= Given data =
⟨

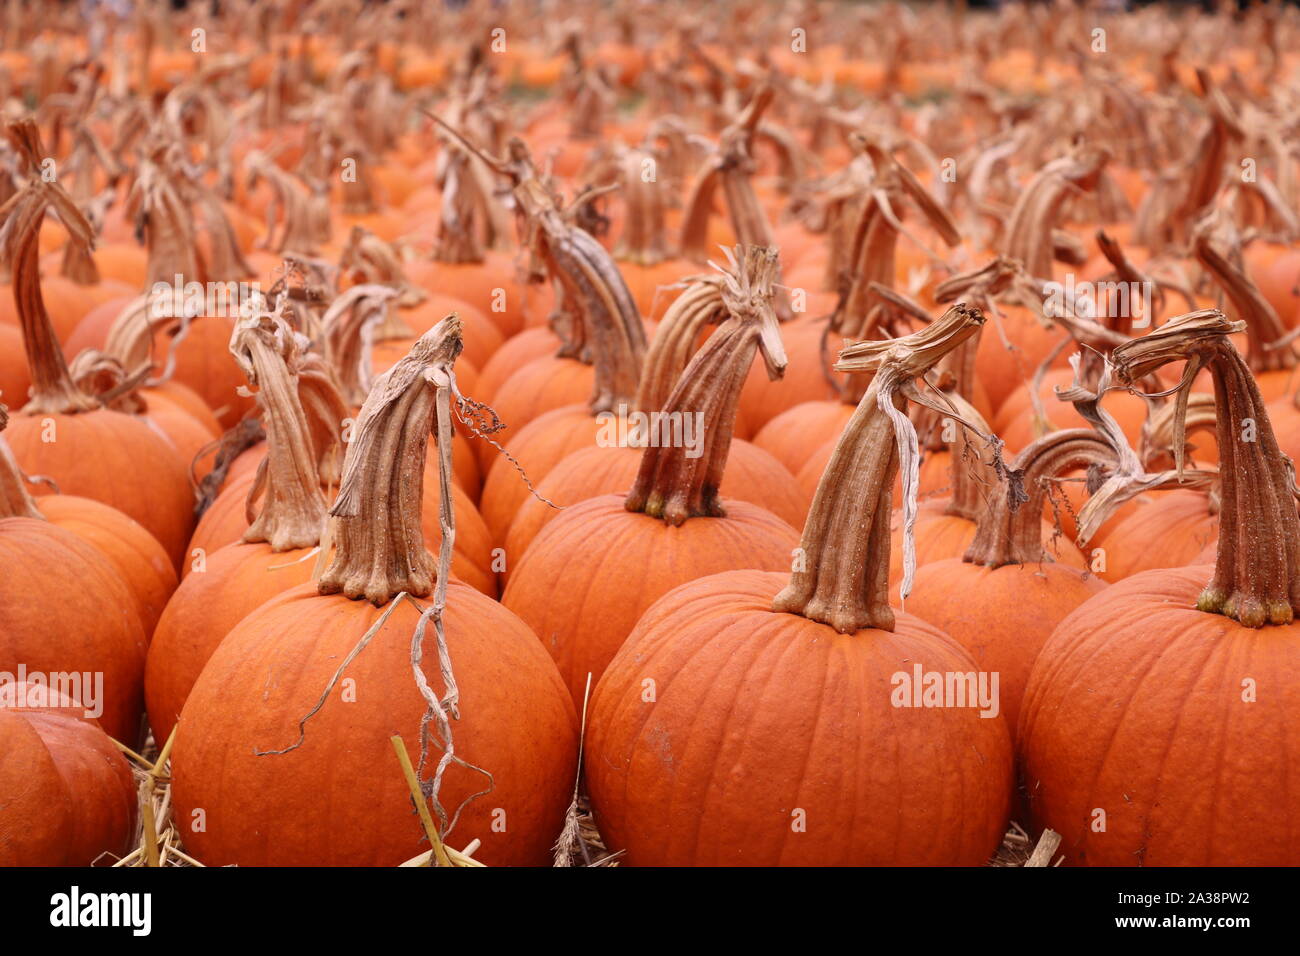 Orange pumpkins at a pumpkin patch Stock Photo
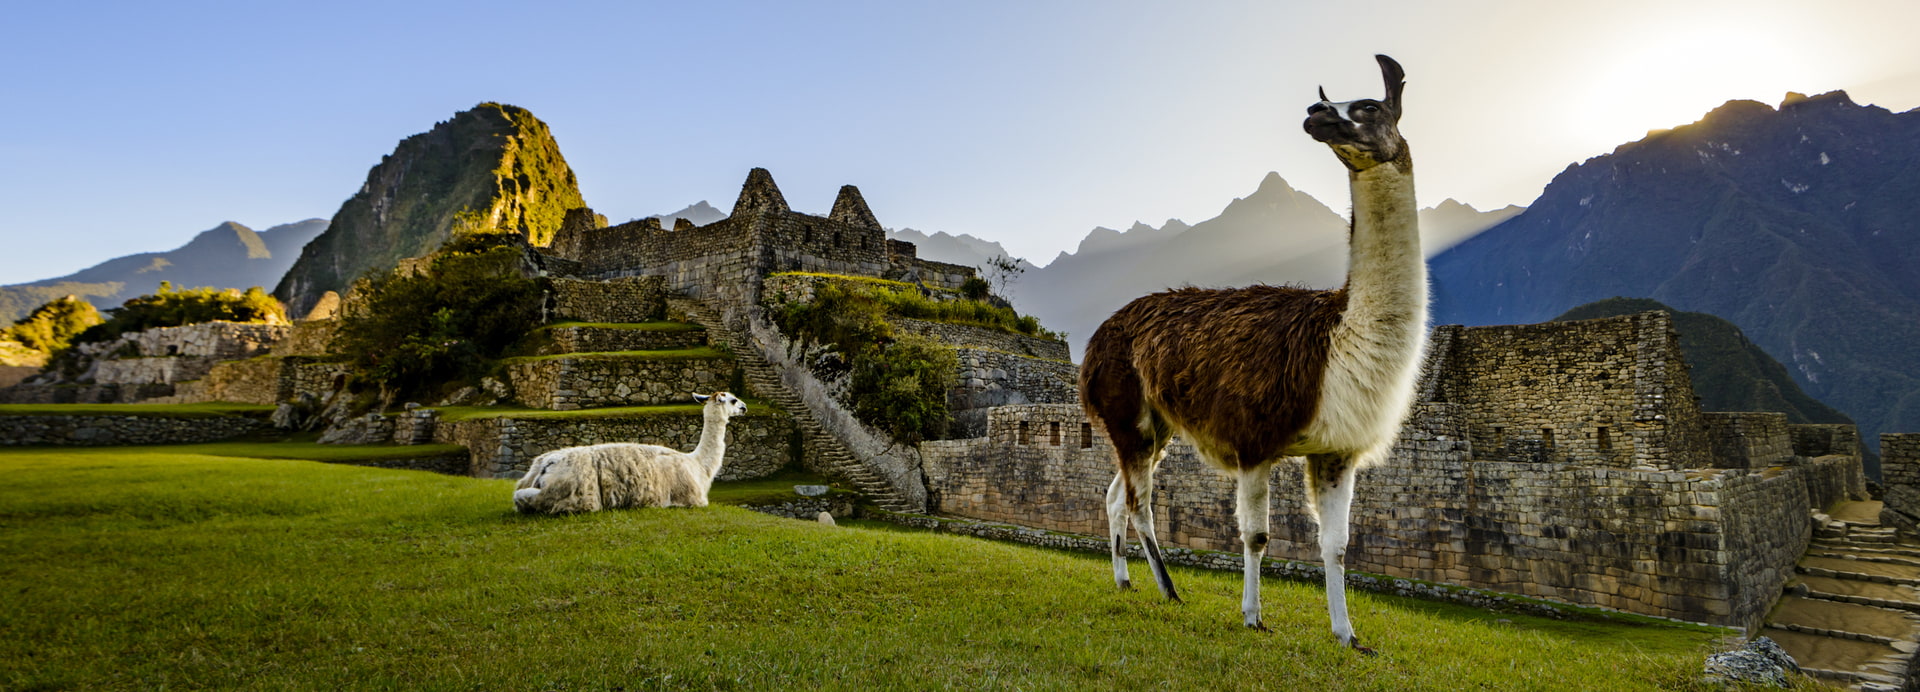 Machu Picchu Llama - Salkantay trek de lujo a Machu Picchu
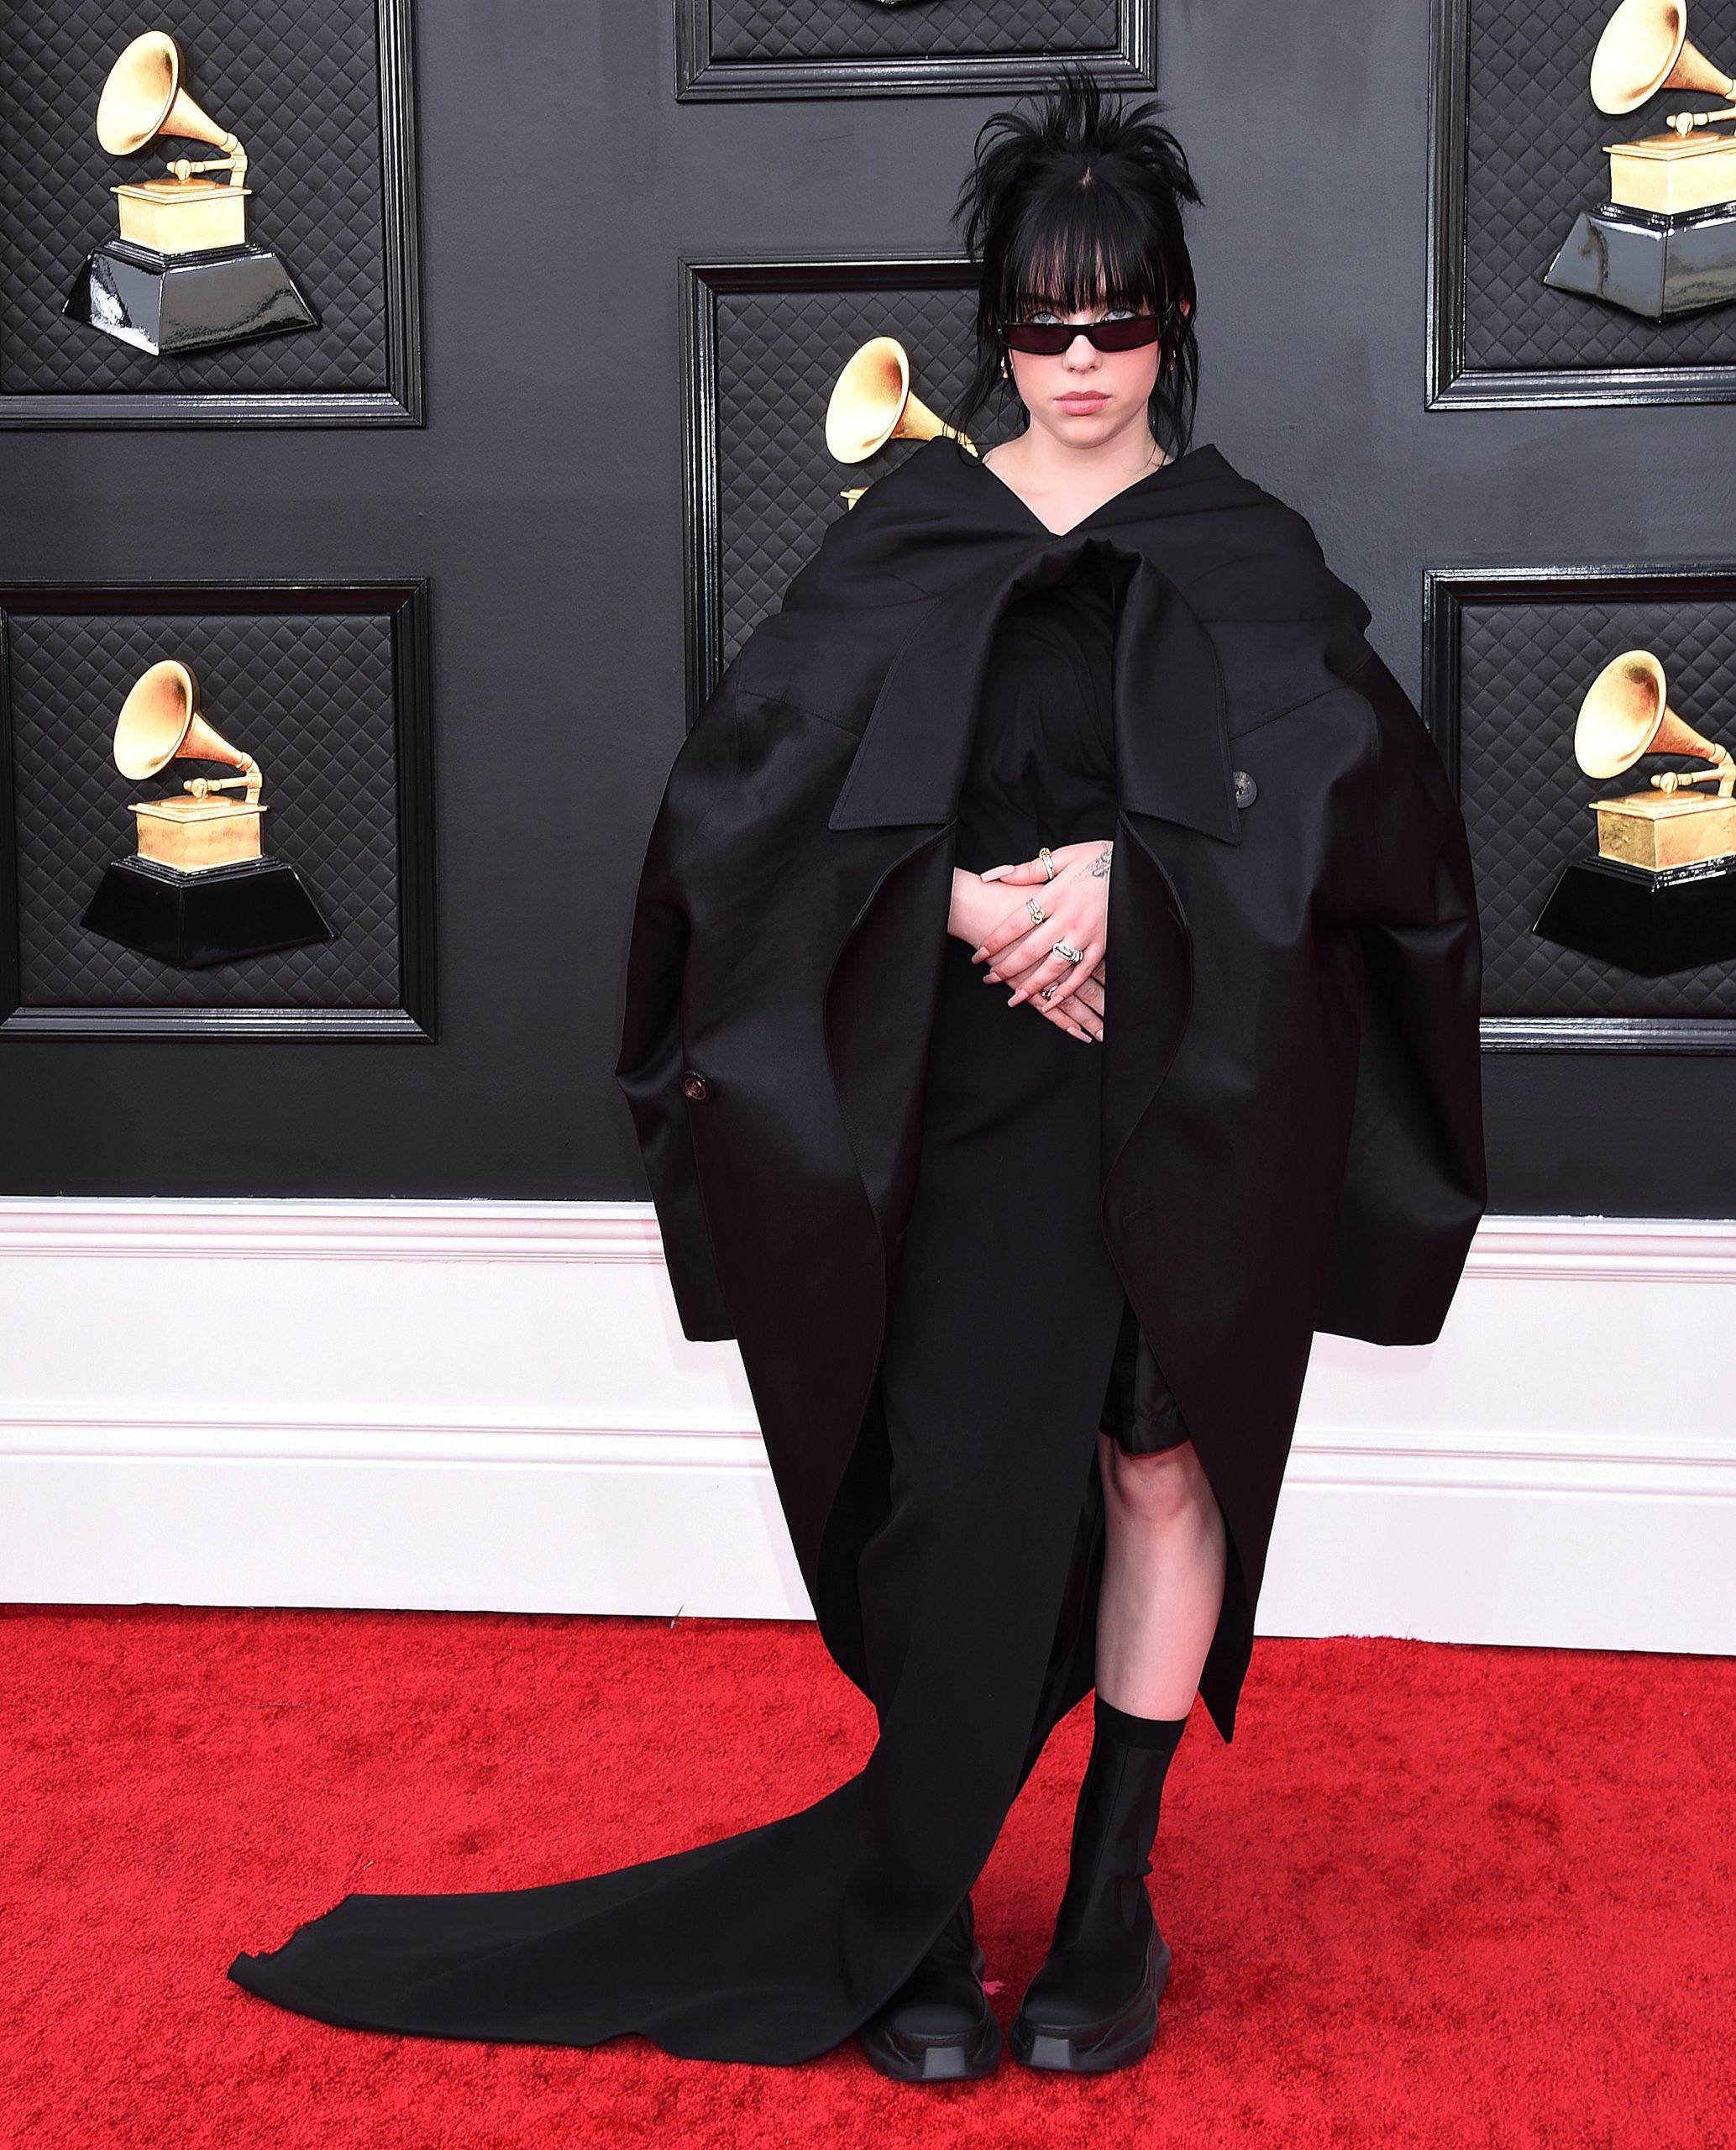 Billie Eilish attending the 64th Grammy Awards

⟩

= The problem =
A faithful, picture-free copy of the material is what this task asks for.

= Task answer =
 Orange pumpkins at a pumpkin patch Stock Photo
 Machu Picchu Llama - Salkantay trek de lujo a Machu Picchu
 Billie Eilish attending the 64th Grammy Awards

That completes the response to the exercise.